[Problem to solve] Look below for the line that has "Mucokehl® D3 Salbe". Set down the lines from there through the line that has "Nike Air Span", exactly as written.

*** Opening of Provided records ***

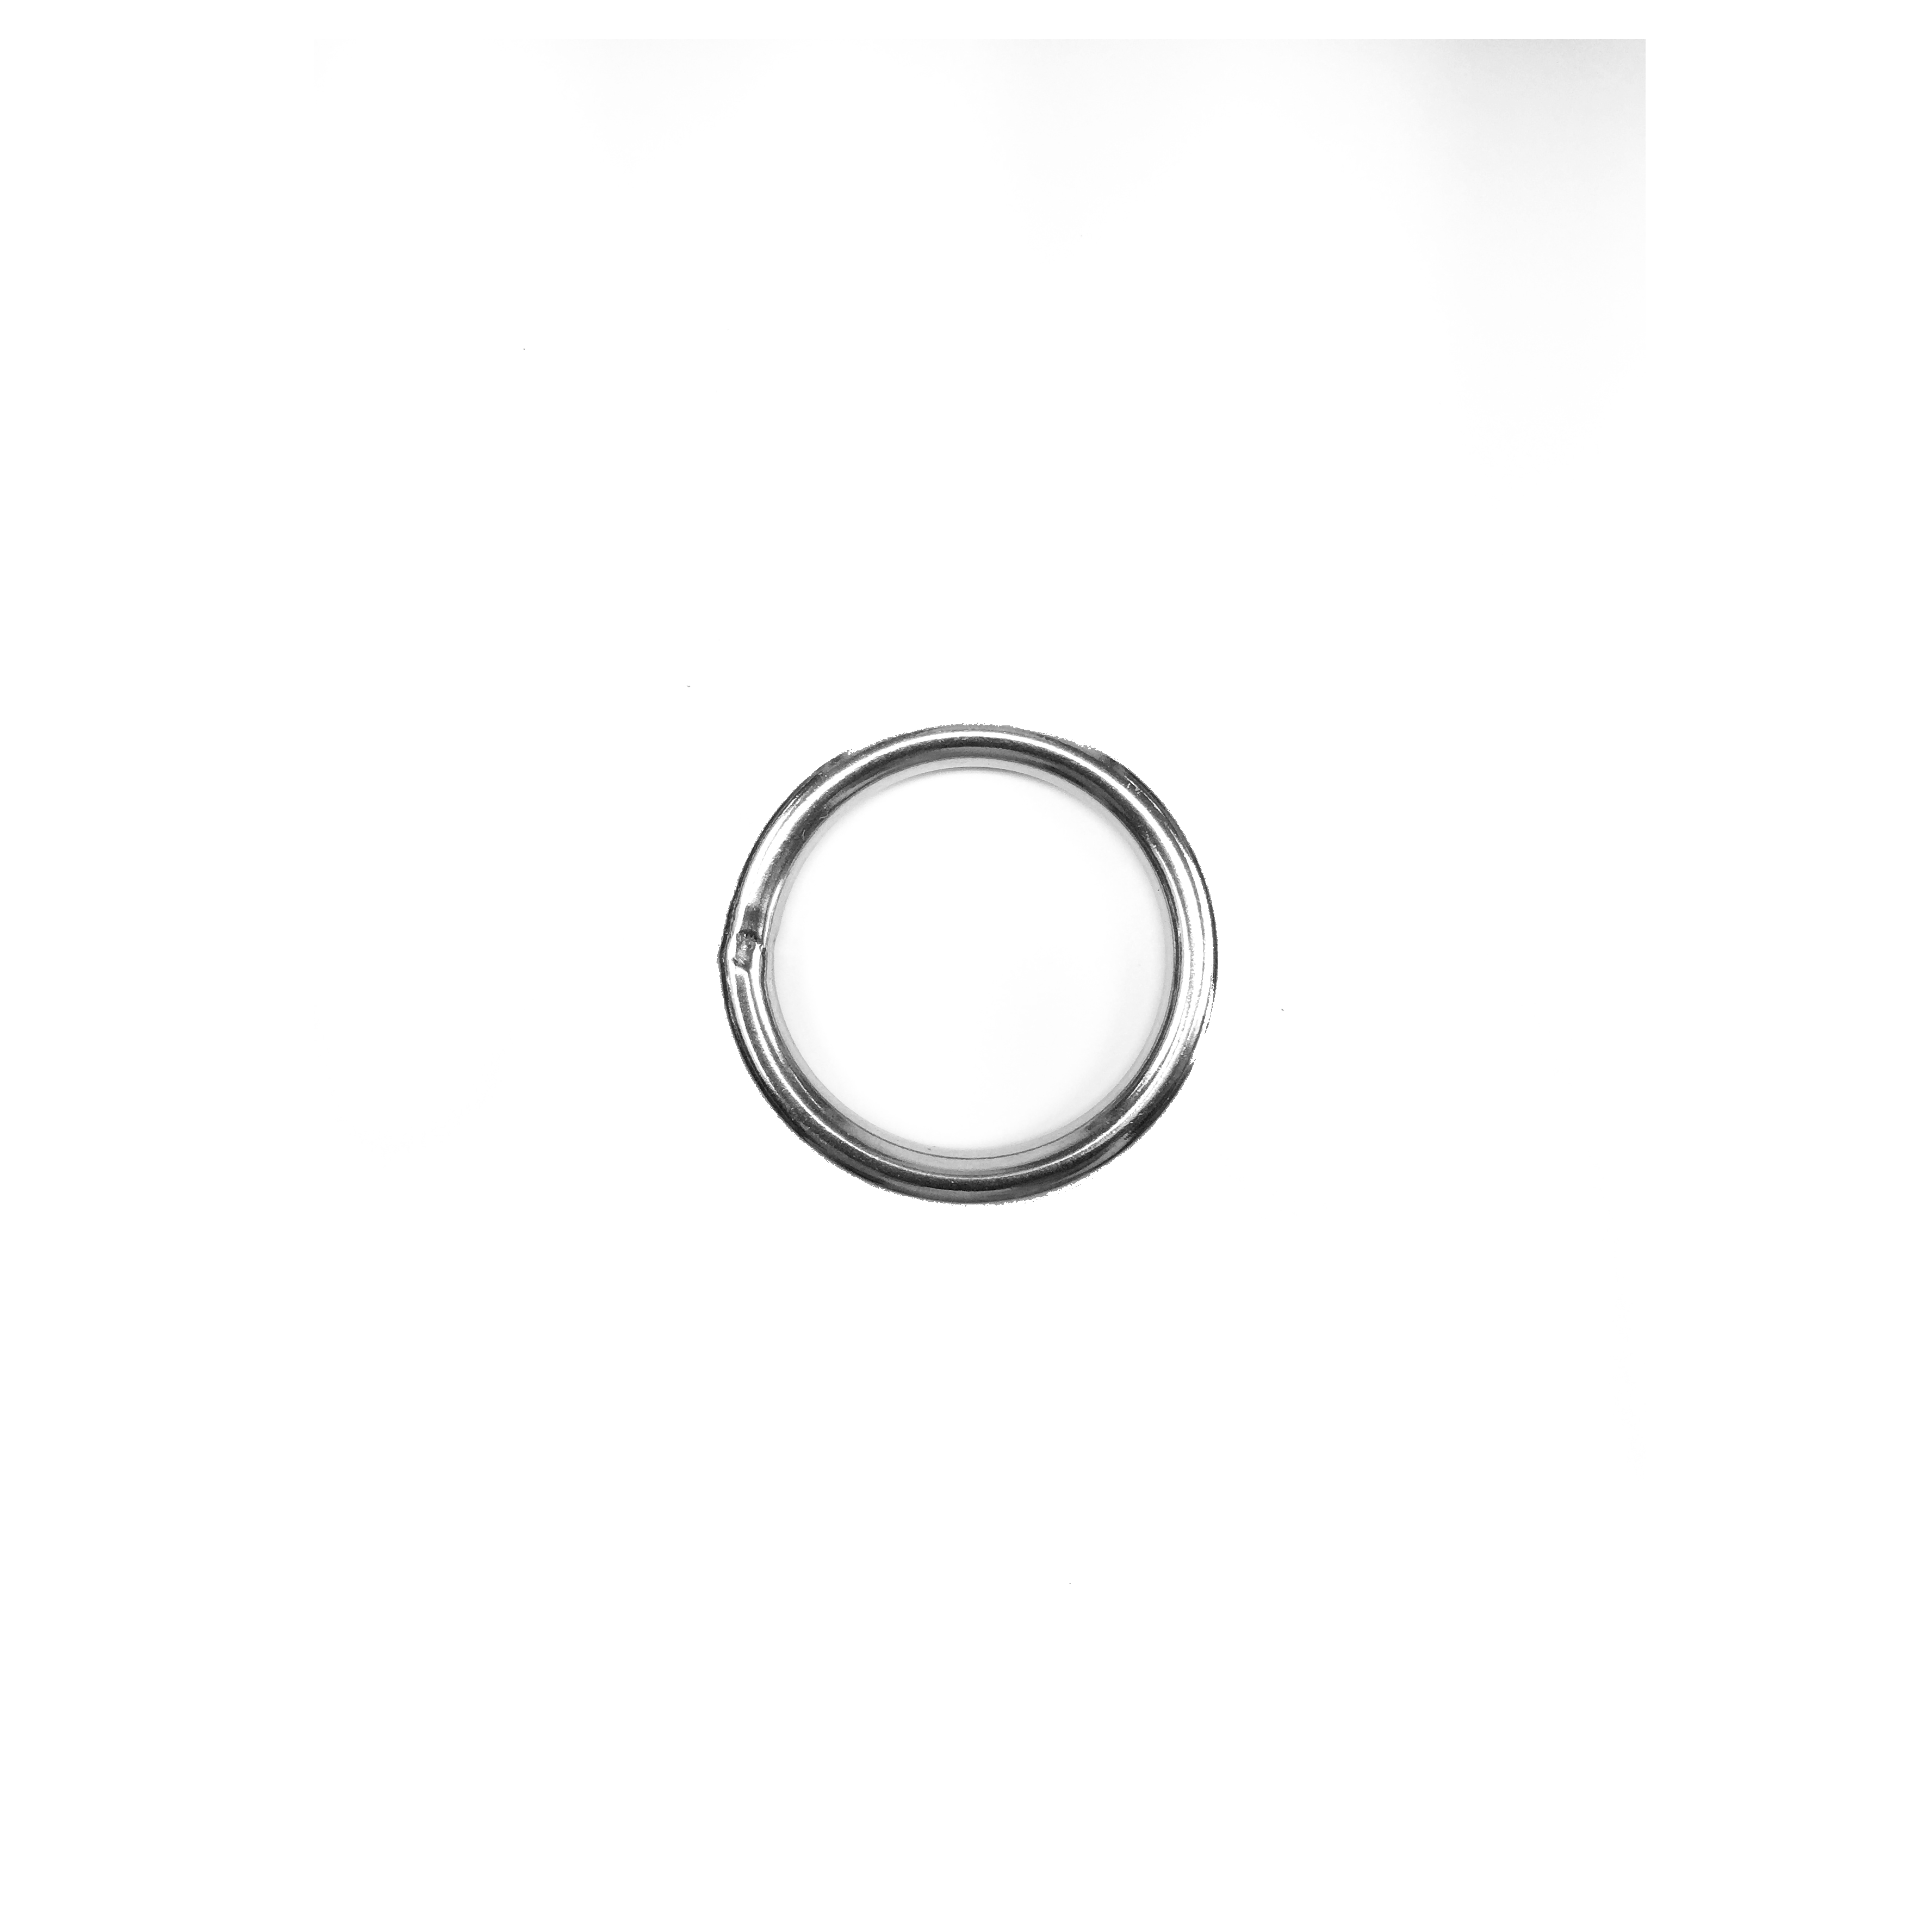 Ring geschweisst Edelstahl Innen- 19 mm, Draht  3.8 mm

*** Close of Provided records ***
*** Opening of Provided records ***

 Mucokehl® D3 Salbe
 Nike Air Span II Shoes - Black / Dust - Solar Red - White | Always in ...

*** Close of Provided records ***

[Solution]
 Mucokehl® D3 Salbe
 Nike Air Span II Shoes - Black / Dust - Solar Red - White | Always in ...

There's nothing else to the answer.